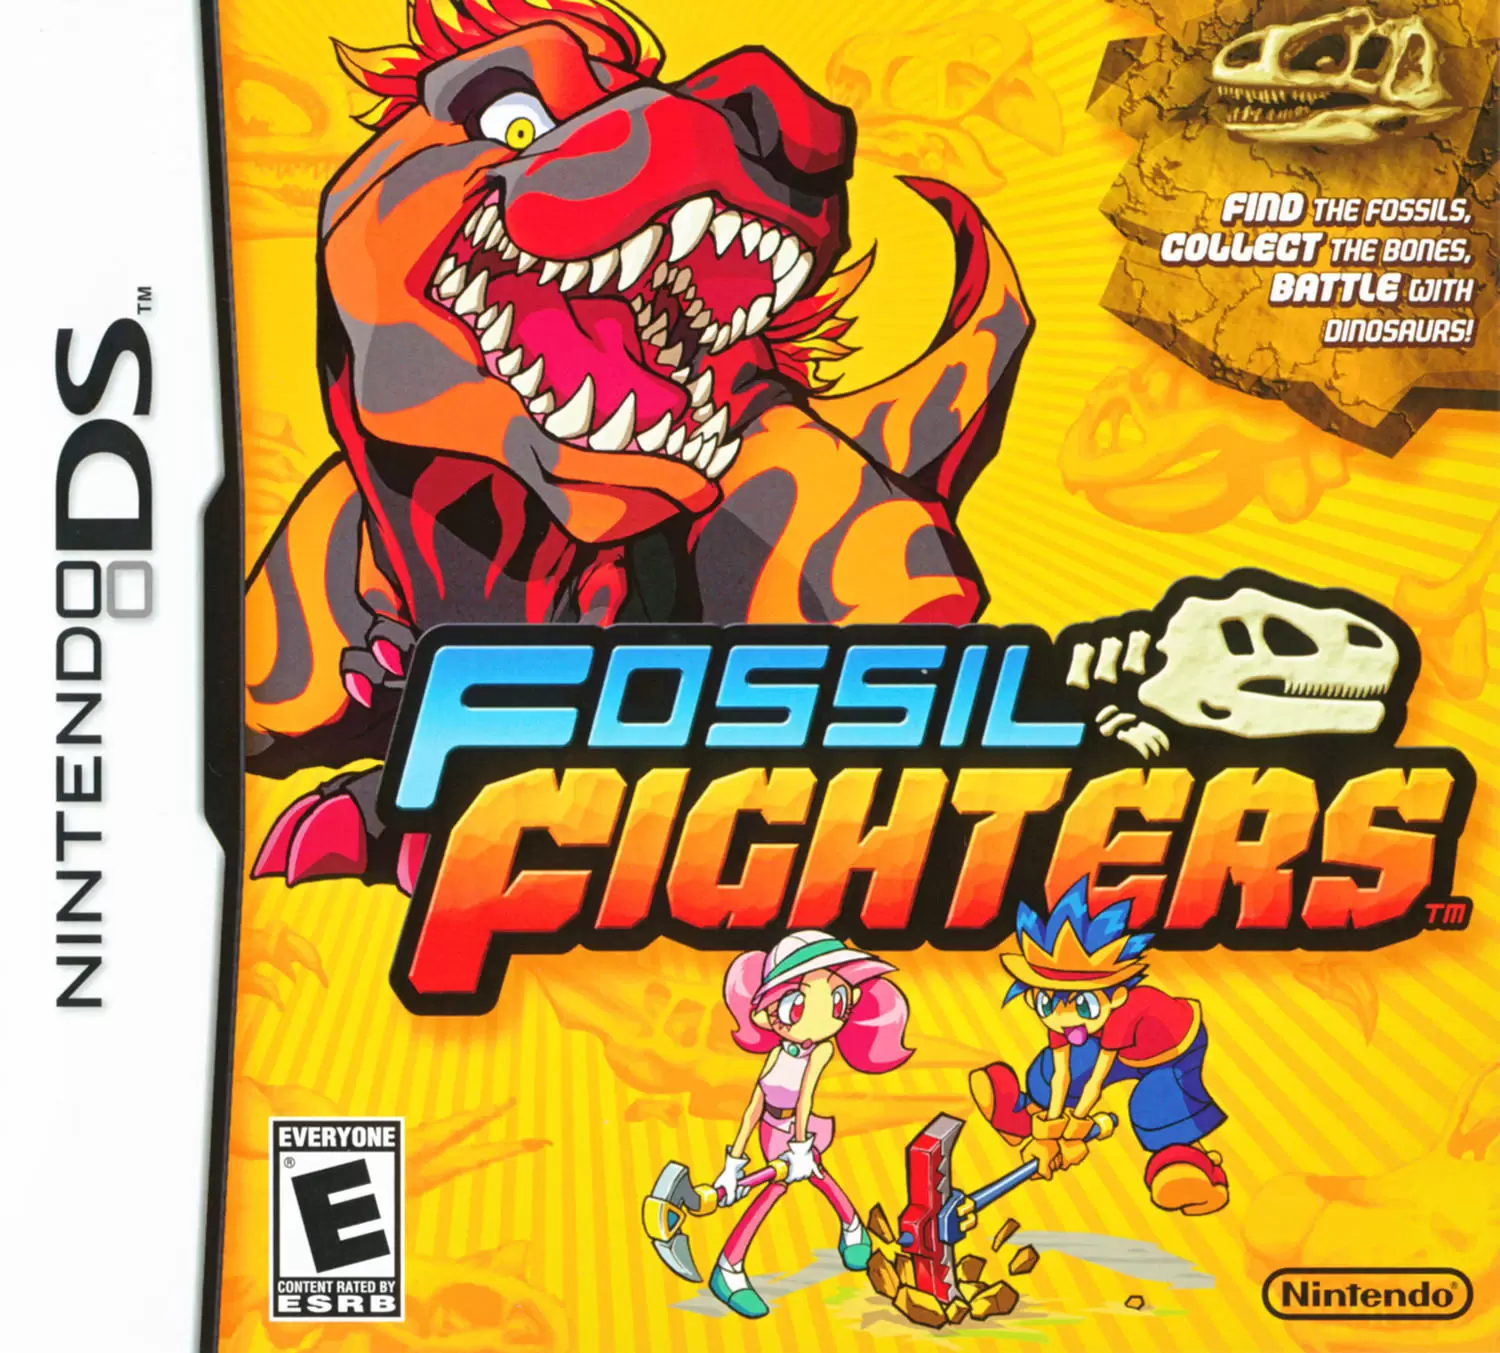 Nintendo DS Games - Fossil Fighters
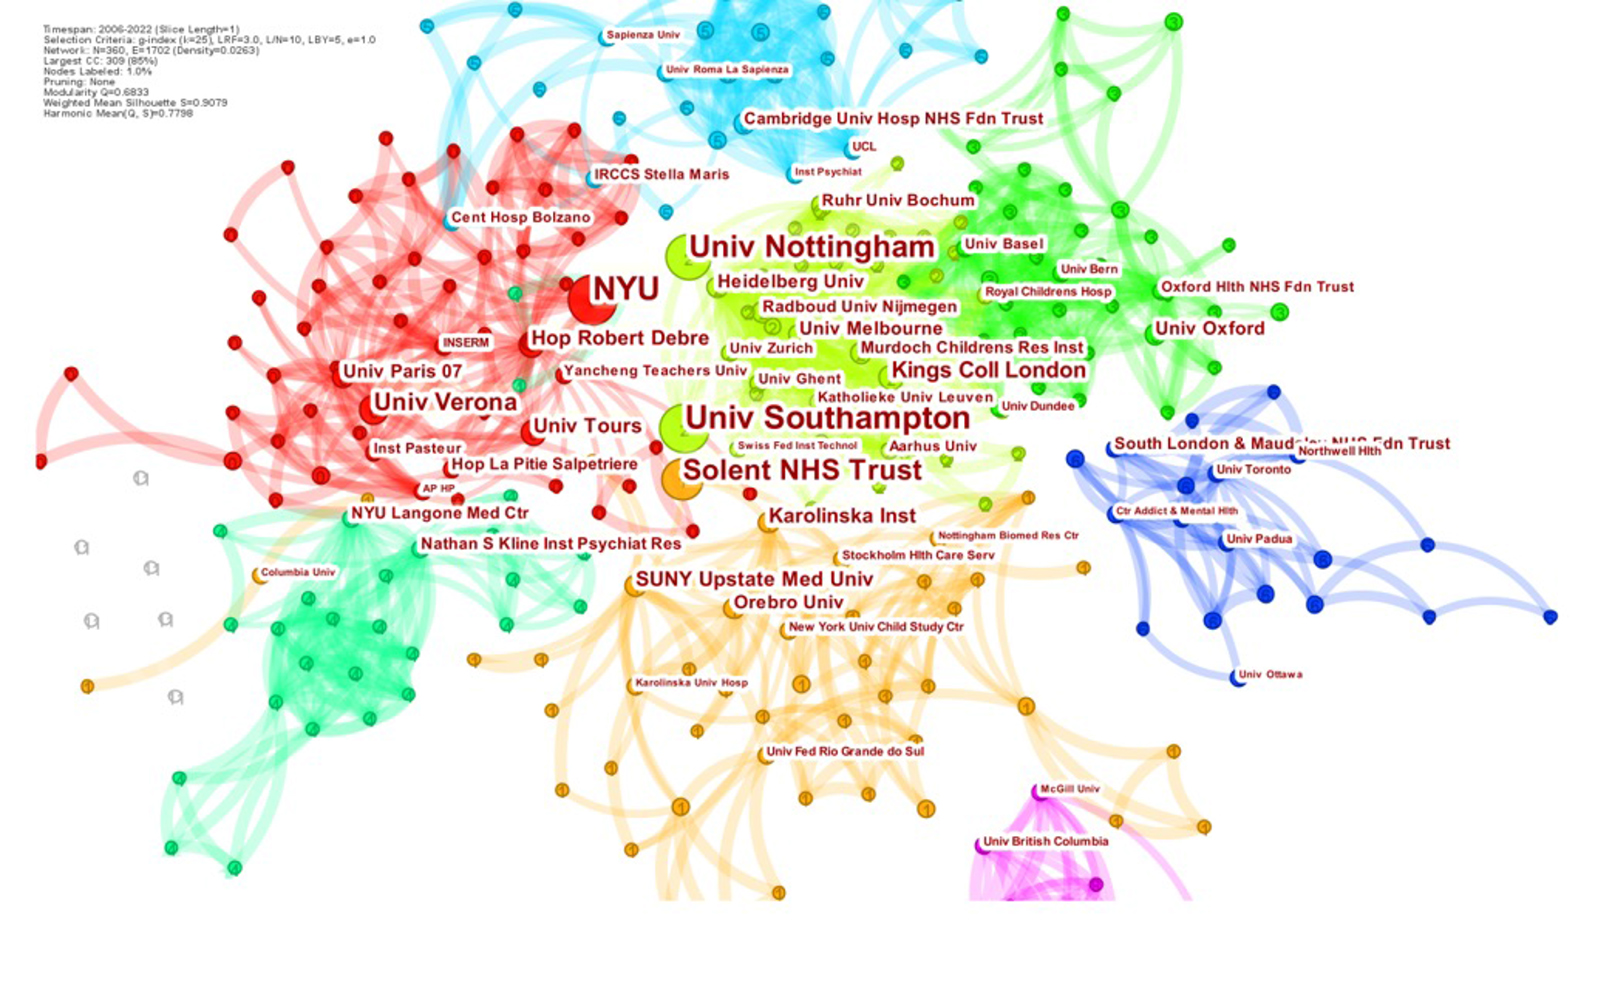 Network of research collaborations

---

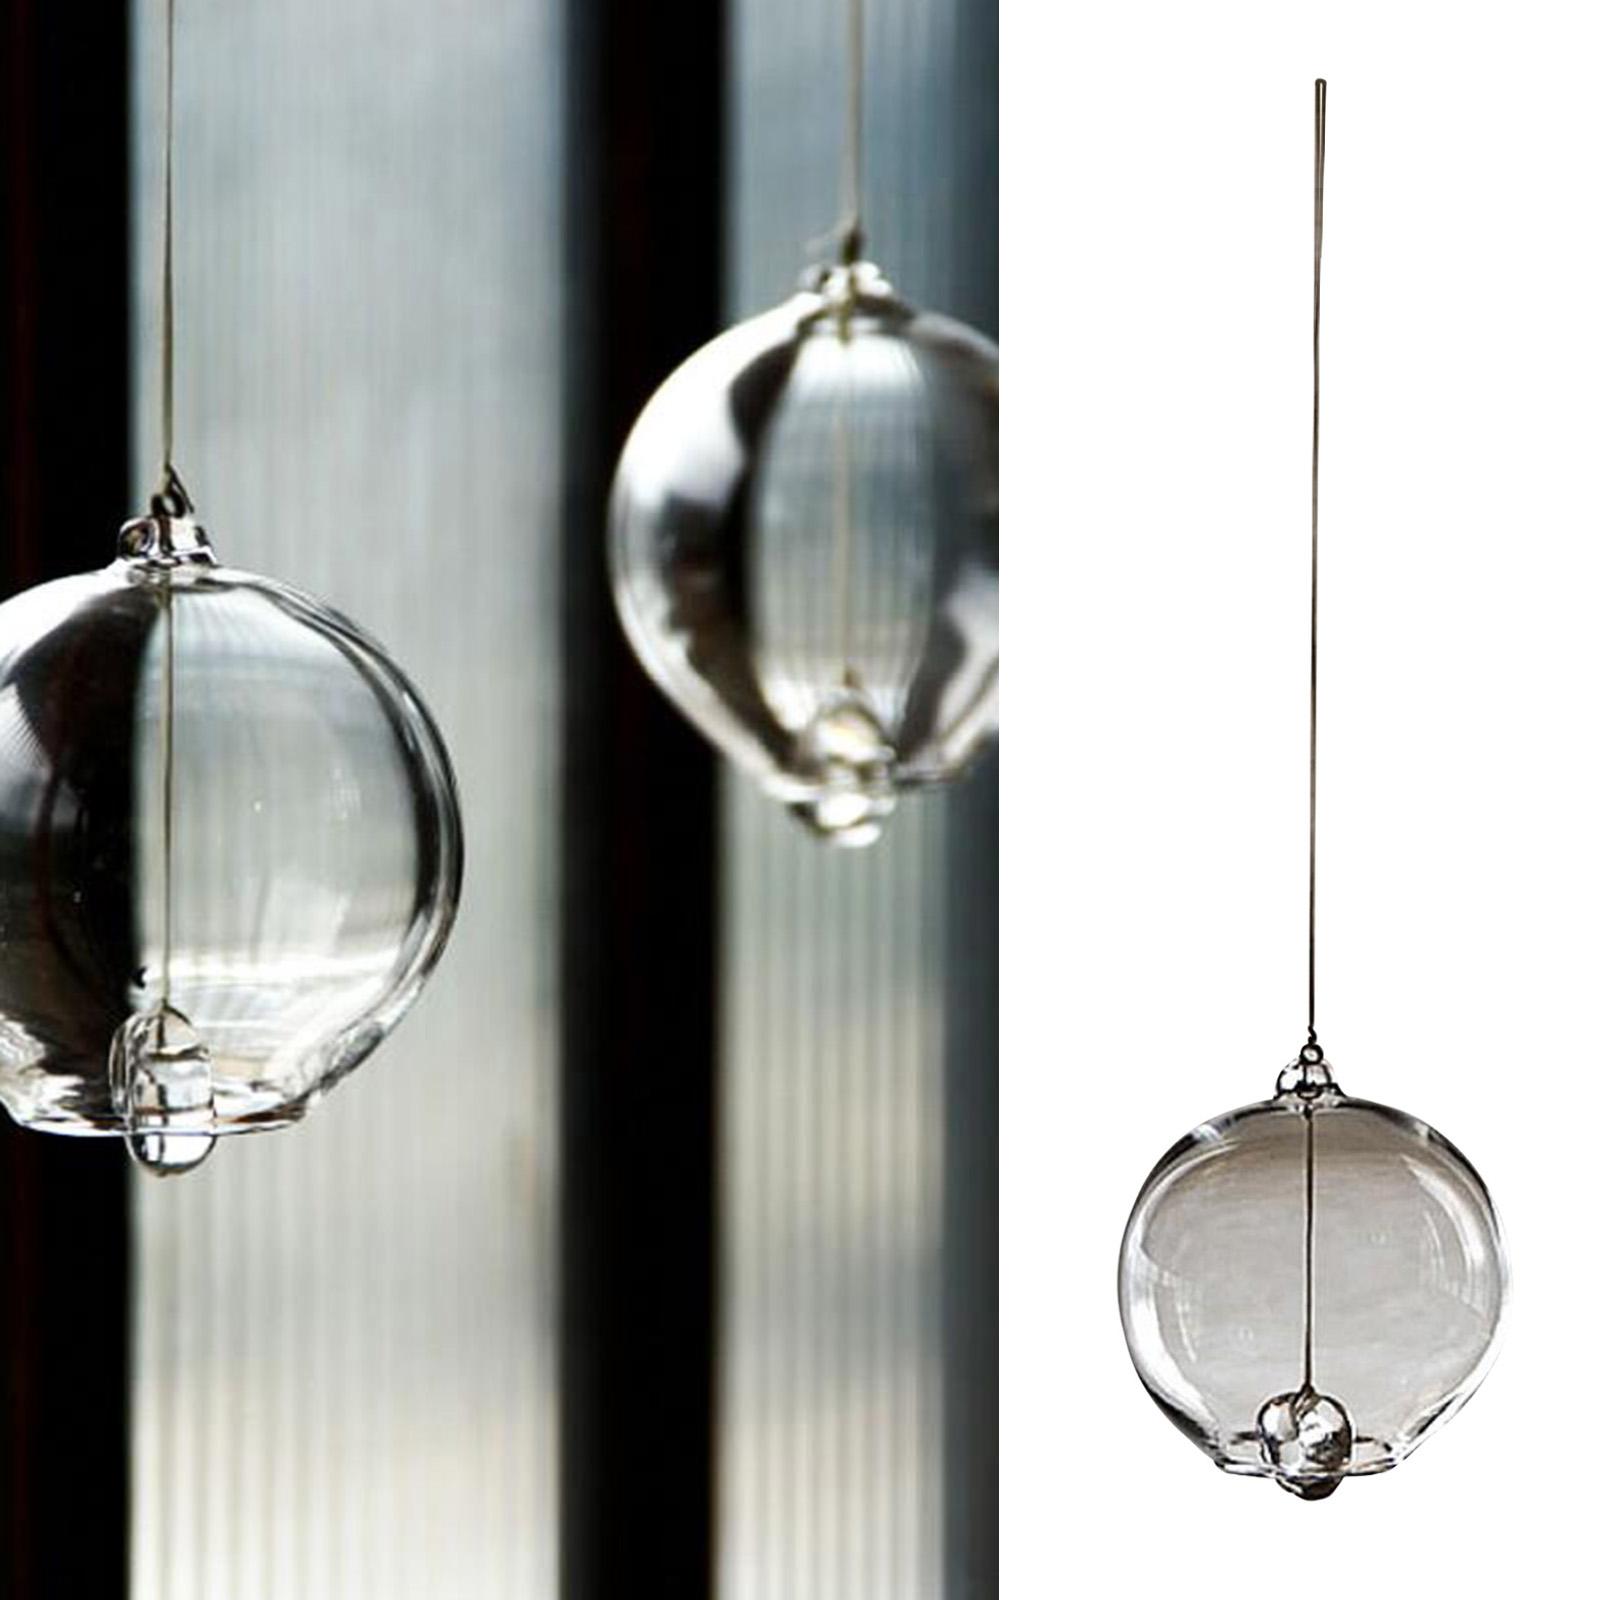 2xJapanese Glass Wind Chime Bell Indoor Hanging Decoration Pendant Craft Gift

▸ **EXERCISE DESCRIPTION**
Please set down, exactly and with no pictures, the lines in the entries above starting at the one holding "Nintendo DS Games - Fossil Fighters" and ending at the one holding "Network of research collaborations", ends included.

▸ **ANSWER TO THIS PROBLEM**
 Nintendo DS Games - Fossil Fighters
 Network of research collaborations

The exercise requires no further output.